Who's writing this? Who is "Anthony Rutkowski, Principal, Netmagic Associates
LLC"? Hoovers has some basic company information.[1] The company address is a
tract house in Auburn, VA. There's a self-provided bio available:

 _(Anthony Rutkowski) has over 45 years of experience in Industry and
regulatory affairs with focus on global cybersecurity, lawful interception,
retained data, identity management and network forensics. Anthony has held key
positions at VeriSign, SAIC, General Magic. Sprint International and GE.
Additionally, he has held important posts and positions at FCC, ITU, ETSI, and
OASIS._ [2] So this is a guy from the wiretapping (er, "lawful intercept")
industry.

But that organizational identification is deceptive. Yaana lists him as their
"Executive VP of Standards & Regulatory Affairs". What's Yaana?
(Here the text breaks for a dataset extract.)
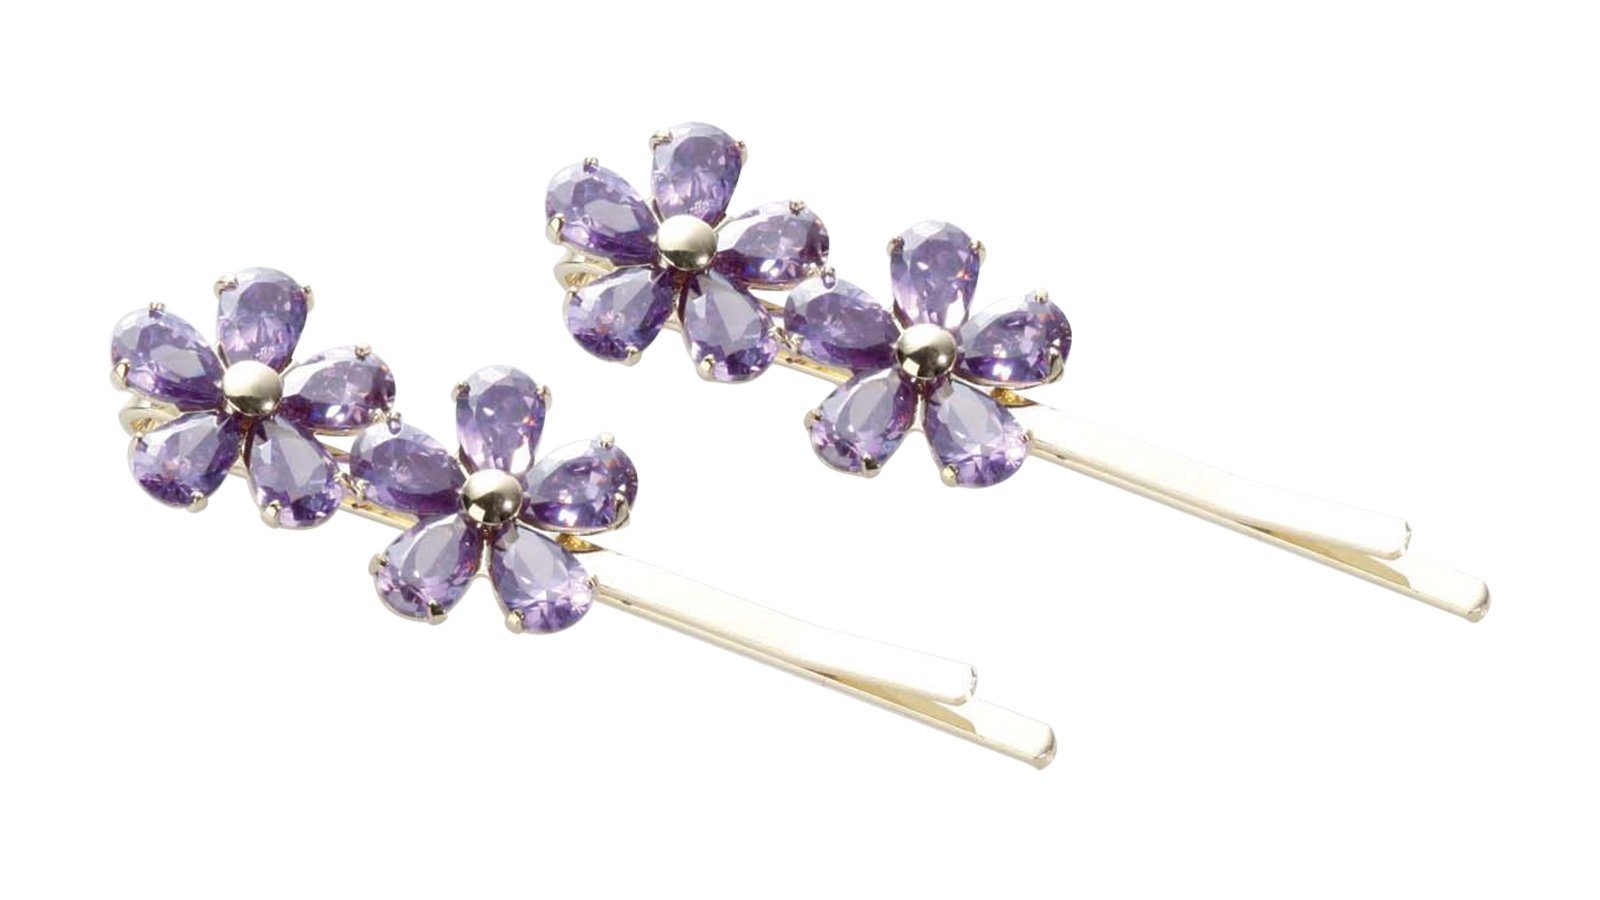 St. Zirkonen, Haarschieber-Set Haargummi Kosmetex 2 violett Haarnadeln mit Blütenförmige

Outsourced Big
Brother. "Yaana is a leading global provider of a wide range of intelligent
compliance solutions including lawful interception, accurate data retention,
big-data search & disclosure, advanced security and application specific
analytics."[3]

"Middlebox Security Protocol" is also a new phrase. That's listed as a work
item at the European Telecommunications Standards Institute. (Not the
IETF).[3] The proposer is listed as "RUTKOWSK". Hmm. No version is available
for download. The summary is "Specify protocols to enable trusted, secure
communication sessions between network endpoints and one or more middleboxes
between them using encryption."

This seems to be plugging something called mcTLS.[4] Here's the actual
paper.[5] It's a halfway reasonable idea for allowing middleboxes to work with
encrypted streams, without giving them full access to the content. But it has
built-in back doors, for "performance". See section 3.6 of[5]. It's also
really complicated, and if done wrong, breaks end to end security. That may be
Rutkowski's plan.

[1] [http://www.hoovers.com/company-information/cs/company-
profil...](http://www.hoovers.com/company-information/cs/company-
profile.netmagic_associates_llc.bc61e035e10e59cb.html)

[2]
[https://www.yaanatech.com/author/tony/](https://www.yaanatech.com/author/tony/)

[3] [https://www.yaanatech.com/about-us/](https://www.yaanatech.com/about-us/)

[4]
[https://portal.etsi.org/webapp/WorkProgram/Report_WorkItem.a...](https://portal.etsi.org/webapp/WorkProgram/Report_WorkItem.asp?WKI_ID=51314)

[5] [https://www.mctls.org/](https://www.mctls.org/)

[6] [https://davidtnaylor.com/mcTLS.pdf](https://davidtnaylor.com/mcTLS.pdf)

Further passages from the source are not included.